The distribution of this document, the Placing and/or issue of the Placing Shares in certain jurisdictions may be restricted by law and/or regulation. No action has been taken by MedicX Fund Limited (the 'Company'), the Placing Agent or any of its Affiliates (as defined below) that would permit an offer of the Placing Shares or possession or distribution of this document or any other publicity material relating to such Placing Shares in any jurisdiction where action for that purpose is required. Persons receiving this document are required to inform themselves about and to observe any such restrictions.


Collins Stewart, which is authorised and regulated by the Financial Services Authority, is acting for the Company and for no one else in connection with the Placing and will not be responsible to anyone other than the Company for providing the protections afforded to clients of Collins Stewart or for affording advice in relation to the Placing, or any other matters referred to herein.


By participating in the Placing (as defined below), each person who is invited to and who chooses to participate in the Placing (a 'Placee') by making an oral offer to take up Placing Shares is deemed to have read and understood this document in its entirety and to be providing the representations, warranties, undertakings, agreements and acknowledgements contained herein.

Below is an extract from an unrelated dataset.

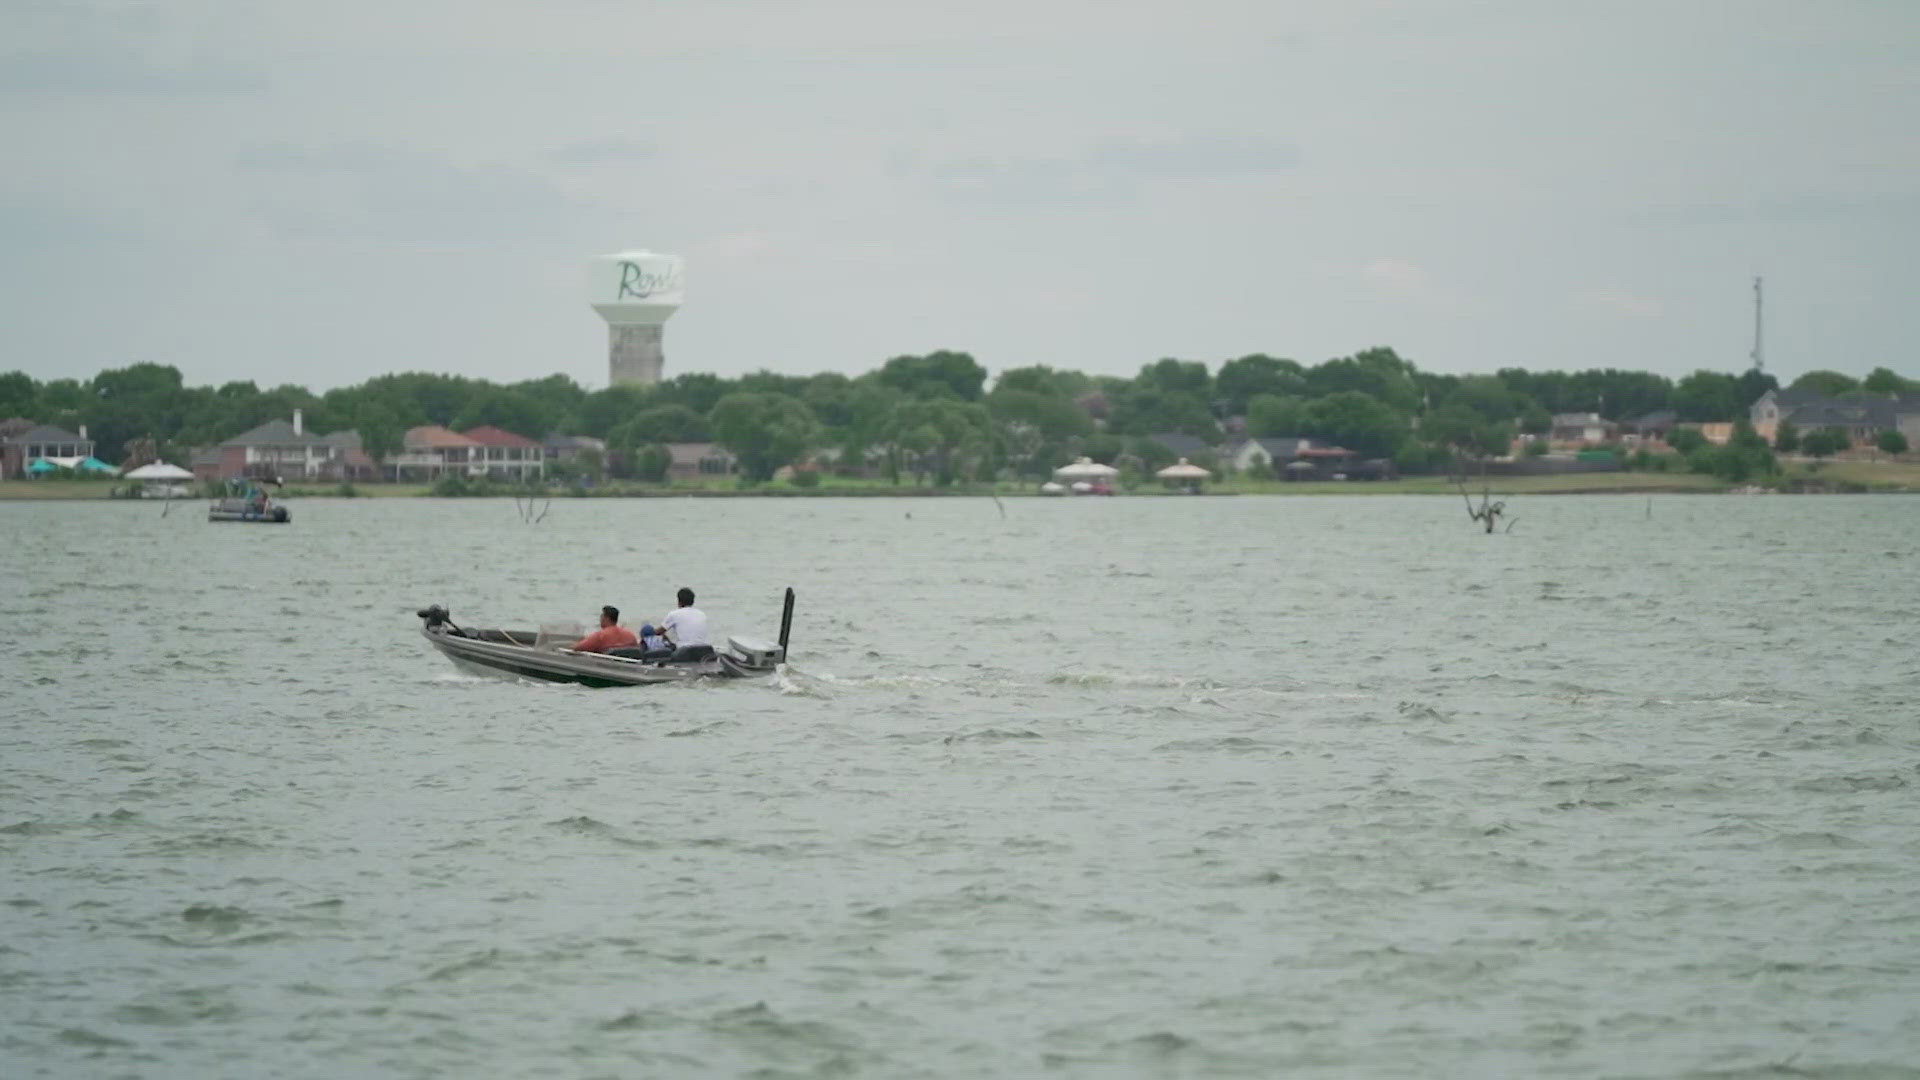 After resuming their search Friday morning, Dallas Fire-Rescue said crews found bodies in Lake Ray Hubbard after two swimmers jumped into the lake from a boat.

Details of the Placing Agreement and the Placing Shares


The Company, MedicX Adviser Ltd (the 'Investment Adviser') and MedicX Holdings Ltd have entered into a placing agreement (the 'Placing Agreement') with Collins Stewart, under which the Placing Agent has, subject to the terms set out therein, agreed to use its reasonable endeavours, as agent of the Company, to procure Placees for the Placing Shares (the 'Placing').


The Placing Shares will, when issued, be credited as fully paid and will rank pari passu in all respects with each other and the Company's existing Ordinary Shares then in issue including the right to receive all dividends and other distributions declared, made or paid in respect of such Ordinary Shares after the date of issue.


The Placing Shares will be issued free of any pre-emption rights, encumbrance, lien or other security interest.


Application for listing and admission to trading


Application will be made to the FSA as the competent authority for listing for admission of the new Ordinary Shares to the Official List maintained by the FSA in accordance with section 74(1) of the Financial Services and Markets Act 2000 ('FSMA') for the purposes of part VI of FSMA and to the London Stock Exchange plc (the 'London Stock Exchange') for admission to trading of the new Ordinary Shares on the London Stock Exchange's market for listed securities ('Admission'). It is expected that Admission will become effective and that dealings will commence on 8 April 2009, and in any event no later than 15 May 2009.


Participation in, and principal terms of, the Placing


A single price (the 'Placing Price') will be payable to the Placing Agent by all Placees.


Prospective Placees will be identified and contacted by the Placing Agent.


The Placing is expected to close at noon on 3 April 2009. However, the Company may, with the prior approval of Collins Stewart, bring forward or postpone this date. In the event such date is changed, the Company will notify investors who have applied for new Ordinary Shares either by post, by electronic mail or by the publication of a notice through a regulatory information service provider to the London Stock Exchange.


Collins Stewart will re-contact and confirm orally to Placees the size of their respective allocations and a trade confirmation will be dispatched as soon as possible thereafter. Collins Stewart's oral confirmation of the size of allocations and each Placee's oral commitments to accept the same will constitute a legally binding agreement pursuant to which each such Placee will be required to accept the number of Placing Shares allocated to the Placee at the Placing Price and otherwise on the terms and subject to the conditions set out herein and the Prospectus.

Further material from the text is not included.